The driver in the case, Michael Fortunato, was charged with careless driving, failure to yield to a pedestrian within a crosswalk, and expired driver's license.
Esther Ohayon, 57, was killed and her daughter, 16-year-old Orly Ohayon, was struck.
After months of extensive research and investigative techniques, members of the Florida Highway Patrol said they concluded a thorough investigation and provided the parties involved with the appropriate information.
They said Fortunato recently met with investigators and was very cooperative during the interview. Additionally, Fortunato has been cooperative throughout the case and provided investigators with information as requested, troopers said.

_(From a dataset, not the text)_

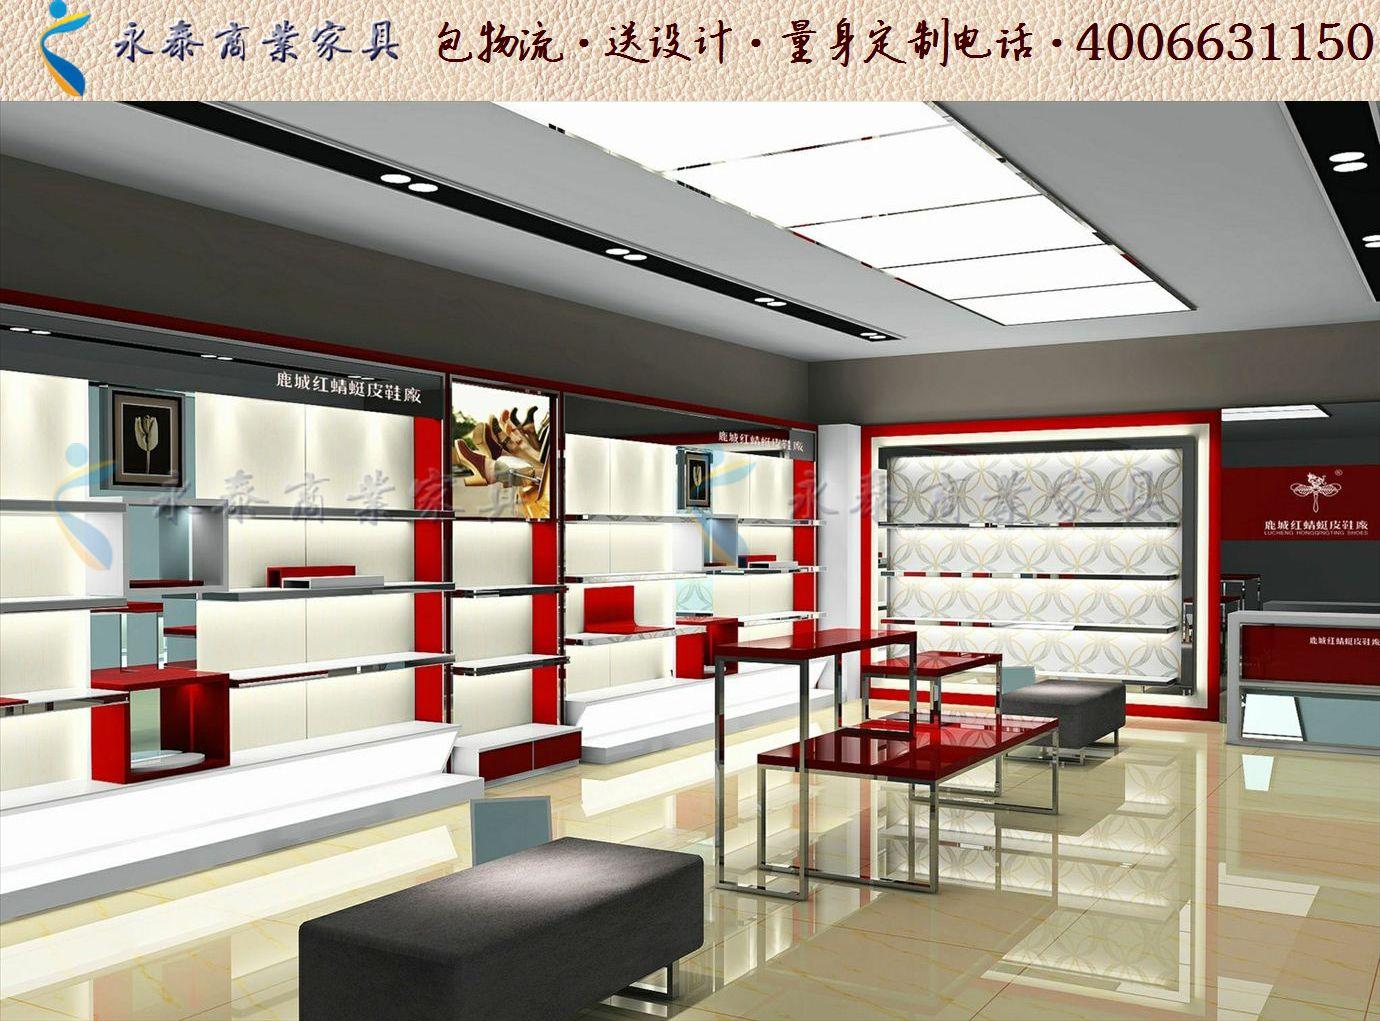 個性鞋店裝修效果圖大全時尚 女鞋 店 裝修 貨架展示柜

Fortunato told investigators that he didn't see Ohayon and her 16-year-old daughter as they crossed the road to get to services at Etz Chaim Synagogue.
This is the second time Fortunato has hit and killed a person with his vehicle and has not faced criminal charges. The news is something Rabbi Yaakov Fisch at Etz Chaim Synagogue found disheartening.
"I honestly only heard about it through the media, but there was a sense of disappointment," said Fisch.
Fisch was not happy to hear about a lack of criminal charges.
"That someone who died in such a way, we thought there would be more serious way to do this beyond a traffic violation," said Fisch.
"The charges issued are civil and not criminal based on the evidence collected, because there was no criminal intent or criminal action involved with this case," said Florida Highway Patrol Sgt. Dylan Bryan.
Fortunato was never criminally charged in a case back in 2009, when police said he hit and killed a 6-year-old boy in a separate crash. The FHP said because Fortunato was not drinking or on his cell phone, he wasn't driving while distracted. Therefore, authorities have no criminal recourse to charge him.
"Does the fact that he was involved in another fatal years ago play into the investigation?" asked Channel 4's Scott Johnson.
"It does not," said Bryan. "Each of these investigations are different. We looked at that investigation, but had to handle our investigation accordingly and are satisfied with the outcome."
The issuances of these charges are considered the conclusion of this investigation, troopers said.